# MetaCell

Metacells are **small, transcriptionally homogeneous groups of single cells**
that are treated as the unit of analysis instead of individual cells.  They
denoise sparse single-cell counts while preserving cell-state granularity —
unlike Leiden clusters (too coarse for state-level analysis) or single cells
(too sparse for many downstream tools).

This section has three layers:

| Layer | Tutorial | When |
|---|---|---|
| **1. Recommended workflow** | [t_metacell_recommended](t_metacell_recommended.ipynb) | Day-one user.  Run the recommended backend (SEACells, soft membership) end-to-end and drive a downstream pipeline (DEG, pseudobulk, marker dotplot). |
| **2. Multi-sample workflow** | [t_metacell_multisample](t_metacell_multisample.ipynb) | You have ≥2 batches / donors / conditions.  Build per-sample-aware metacells on a Harmony-corrected embedding. |
| **3. Backend zoo** | [zoo/index](zoo/index.md) | You want to compare all 7 backends side-by-side on your own data (`ov.single.compare_metacell_backends`), or read why each method exists. |

## Metacell vs pseudobulk — what's the difference?

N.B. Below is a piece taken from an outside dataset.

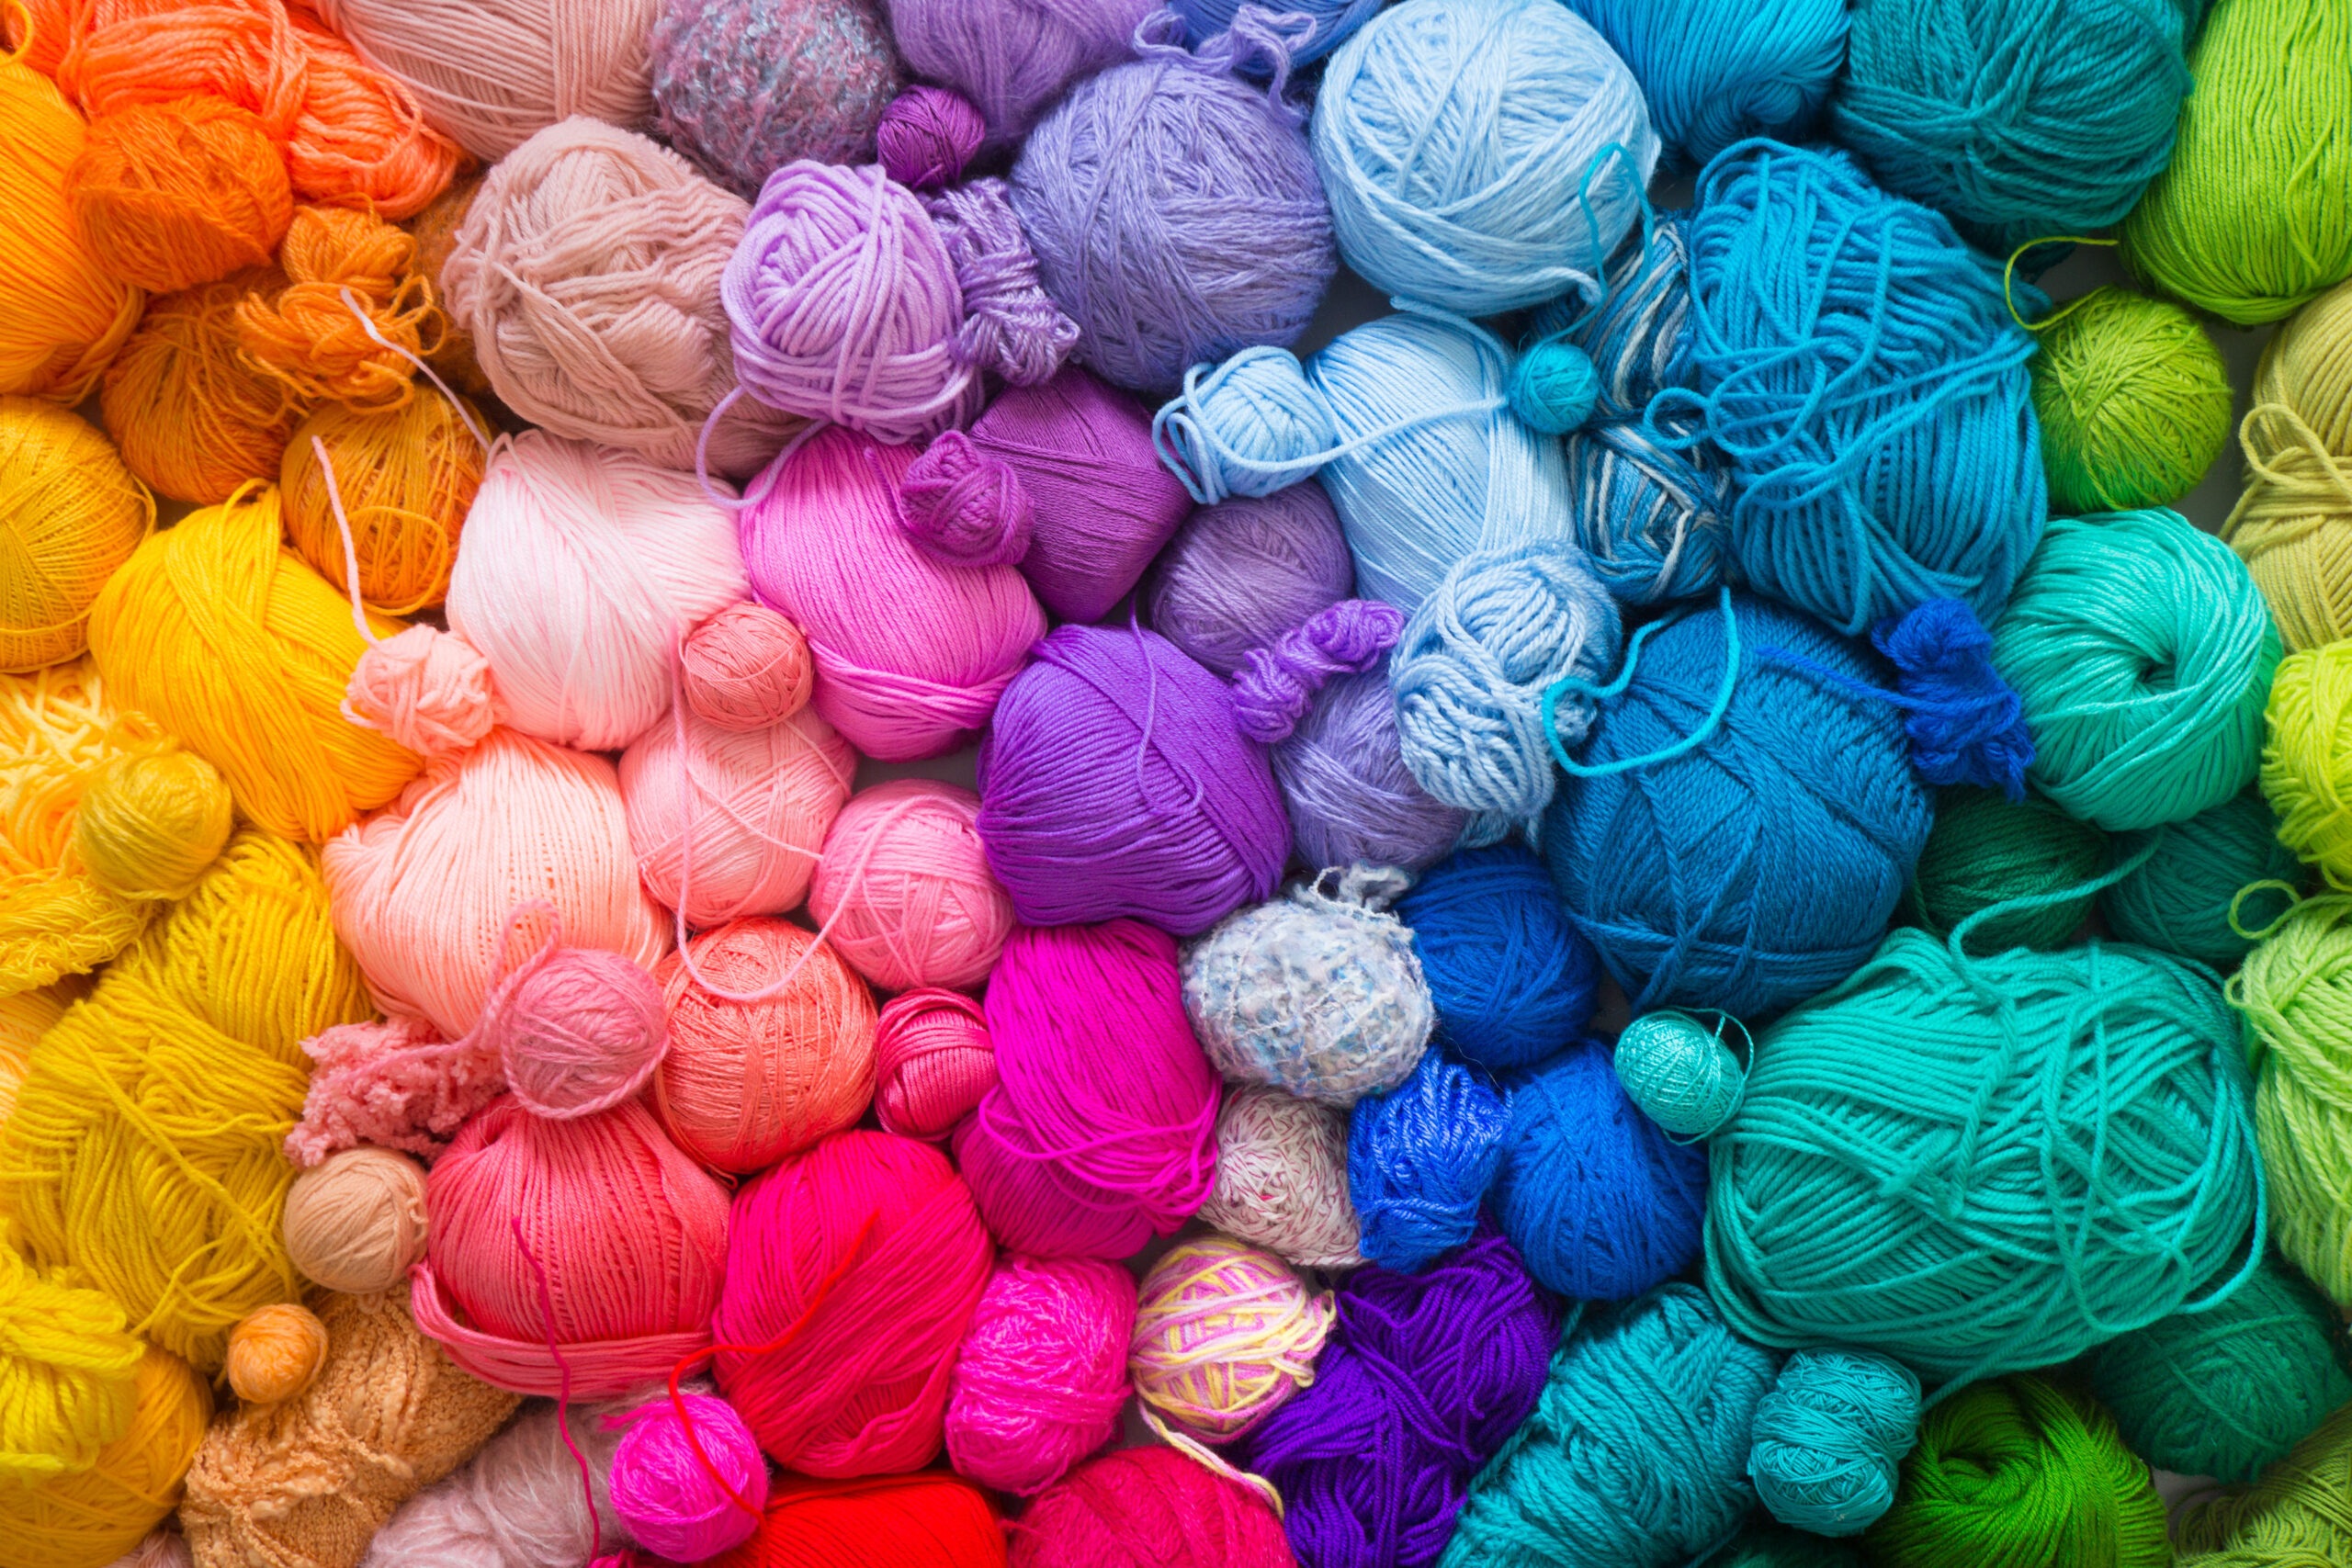 Colored balls of yarn

Both metacells and pseudobulk produce aggregated count profiles, but they
answer different questions and have different statistical properties.

| | **Pseudobulk** | **Metacell** |
|---|---|---|
| **Granularity** | One profile per *sample × celltype* (or *sample × cluster*) — usually 5–50 profiles total. | One profile per metacell — typically `N // 50` profiles, i.e. **hundreds to thousands**. |
| **Aggregation key** | Pre-existing labels (sample, celltype). | Learned partition based on transcriptional similarity (graph / archetype / VQ-VAE / …). |
| **Within-group purity** | Whatever the labels imply (often messy — "Beta cells from sample 3" still has substate variation). | Optimized to be **transcriptionally homogeneous** — each metacell ≈ one cell state. |
| **Sample / batch awareness** | Native — sample is the aggregation key. | Optional — most backends are sample-agnostic by default; multi-sample workflows need a corrected embedding (see [t_metacell_multisample](t_metacell_multisample.ipynb)). |
| **What it's good for** | **Cohort-level DE** (DESeq2 / edgeR / limma): "does gene X change between healthy and IBD donors *averaged over* T cells?" | **State-level analysis** with denoised counts: cell-cell communication, GRN inference, RNA velocity, marker discovery, trajectory smoothing. |
| **What it's NOT good for** | Within-celltype state granularity, trajectory inference, cell-cell communication. | Cohort-level DE (you'd be testing thousands of "samples", inflating power and breaking the variance model). |
| **Typical N profiles** | ~10s | ~100s–1000s |

**Rule of thumb**: if your statistical model is `expression ~ condition` and
treats samples as the unit of replication, you want **pseudobulk**.  If your
model is "give me per-cell-state expression but with less noise", you want
**metacell**.

The two are also **composable**: you can pseudobulk metacells per sample
(e.g. for cross-sample DE within a metacell type), or compute metacells
within each sample independently and then concatenate.  omicverse's
[t_metacell_multisample](t_metacell_multisample.ipynb) shows the latter.

## Architecture

`ov.single.MetaCell(adata, method=...)` dispatches to seven backends, each
writing a unified AnnData schema:

```
adata.obs['metacell_id']      categorical — universal
adata.obs['metacell_conf']    float       — universal
adata.obsm['X_metacell']      latent      — when backend has 'latent' capability
adata.obsm['metacell_soft']   sparse      — when backend has 'soft' capability
adata.uns['metacell']         metadata    — method, n_metacells, runtime, ...
```

Downstream tools (CellPhoneDB / LIANA / SCENIC / DESeq2) consume any
backend's output via this schema — you never need an `if method == ...`
branch.

The seven backends, with their differentiating capability:

- `seacells` — soft kernel archetypal analysis (Persad 2023, Nat Biotech).  Default recommendation.
- `metaq` — VQ-VAE codebook with **closed-form out-of-sample projection** (Li 2025, Nat Comms).  Use when new samples will arrive after the metacell map is built.
- `supercell` — kNN + walktrap with **graining hierarchy cache** (Bilous 2022, BMC Bioinf).
- `kmeans` — sklearn baseline (fast, codebook, out-of-sample).
- `random` — honest lower bound.
- `geosketch` — density-aware sketching (Hie 2019, Cell Systems).
- `mc2` — divide-and-conquer (Ben-Kiki 2022, Genome Biology).  `pip install metacells`.

See [zoo/index](zoo/index.md) for the full per-backend tour.